* Material to process *

★ ★ ★ ★ ★ ★ ★

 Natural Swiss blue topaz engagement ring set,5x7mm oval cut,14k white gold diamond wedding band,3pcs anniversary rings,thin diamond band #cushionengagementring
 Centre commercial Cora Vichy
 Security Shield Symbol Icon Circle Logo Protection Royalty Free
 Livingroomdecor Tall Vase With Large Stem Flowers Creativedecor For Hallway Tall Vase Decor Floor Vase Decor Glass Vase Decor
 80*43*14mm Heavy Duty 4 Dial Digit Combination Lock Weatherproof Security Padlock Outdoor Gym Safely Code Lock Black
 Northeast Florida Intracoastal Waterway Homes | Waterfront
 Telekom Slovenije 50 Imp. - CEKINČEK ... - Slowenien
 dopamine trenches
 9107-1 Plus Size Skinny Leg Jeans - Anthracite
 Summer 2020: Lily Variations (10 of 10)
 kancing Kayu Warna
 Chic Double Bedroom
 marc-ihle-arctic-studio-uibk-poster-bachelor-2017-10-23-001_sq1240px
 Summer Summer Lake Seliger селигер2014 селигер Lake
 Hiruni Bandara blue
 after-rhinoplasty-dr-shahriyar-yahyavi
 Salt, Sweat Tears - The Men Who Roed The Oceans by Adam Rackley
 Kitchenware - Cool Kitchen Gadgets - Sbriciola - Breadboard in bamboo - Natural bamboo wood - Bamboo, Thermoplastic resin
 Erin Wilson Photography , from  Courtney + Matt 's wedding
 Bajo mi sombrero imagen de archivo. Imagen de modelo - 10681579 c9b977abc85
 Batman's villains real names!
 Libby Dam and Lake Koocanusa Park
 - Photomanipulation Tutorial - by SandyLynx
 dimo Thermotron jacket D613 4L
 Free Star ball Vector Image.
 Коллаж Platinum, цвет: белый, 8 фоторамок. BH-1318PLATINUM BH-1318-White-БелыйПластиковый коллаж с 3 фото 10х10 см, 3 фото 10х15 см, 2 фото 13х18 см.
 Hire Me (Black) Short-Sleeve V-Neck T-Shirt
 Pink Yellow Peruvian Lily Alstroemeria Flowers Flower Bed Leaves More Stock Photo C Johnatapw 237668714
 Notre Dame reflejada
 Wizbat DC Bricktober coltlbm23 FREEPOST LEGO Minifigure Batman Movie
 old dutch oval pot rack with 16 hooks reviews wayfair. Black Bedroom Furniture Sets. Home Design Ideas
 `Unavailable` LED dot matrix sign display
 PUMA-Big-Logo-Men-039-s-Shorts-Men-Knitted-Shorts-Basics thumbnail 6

★ ★ ★ ★ ★ ★ ★

* Exercise details *
Each line in the entries above, starting at the line with "Summer 2020: Lily Variations (10 of 10)" and ending at the line with "Hire Me (Black) Short-Sleeve V-Neck T-Shirt", is to be printed exactly, and only those lines.

* Solution below *
 Summer 2020: Lily Variations (10 of 10)
 kancing Kayu Warna
 Chic Double Bedroom
 marc-ihle-arctic-studio-uibk-poster-bachelor-2017-10-23-001_sq1240px
 Summer Summer Lake Seliger селигер2014 селигер Lake
 Hiruni Bandara blue
 after-rhinoplasty-dr-shahriyar-yahyavi
 Salt, Sweat Tears - The Men Who Roed The Oceans by Adam Rackley
 Kitchenware - Cool Kitchen Gadgets - Sbriciola - Breadboard in bamboo - Natural bamboo wood - Bamboo, Thermoplastic resin
 Erin Wilson Photography , from  Courtney + Matt 's wedding
 Bajo mi sombrero imagen de archivo. Imagen de modelo - 10681579 c9b977abc85
 Batman's villains real names!
 Libby Dam and Lake Koocanusa Park
 - Photomanipulation Tutorial - by SandyLynx
 dimo Thermotron jacket D613 4L
 Free Star ball Vector Image.
 Коллаж Platinum, цвет: белый, 8 фоторамок. BH-1318PLATINUM BH-1318-White-БелыйПластиковый коллаж с 3 фото 10х10 см, 3 фото 10х15 см, 2 фото 13х18 см.
 Hire Me (Black) Short-Sleeve V-Neck T-Shirt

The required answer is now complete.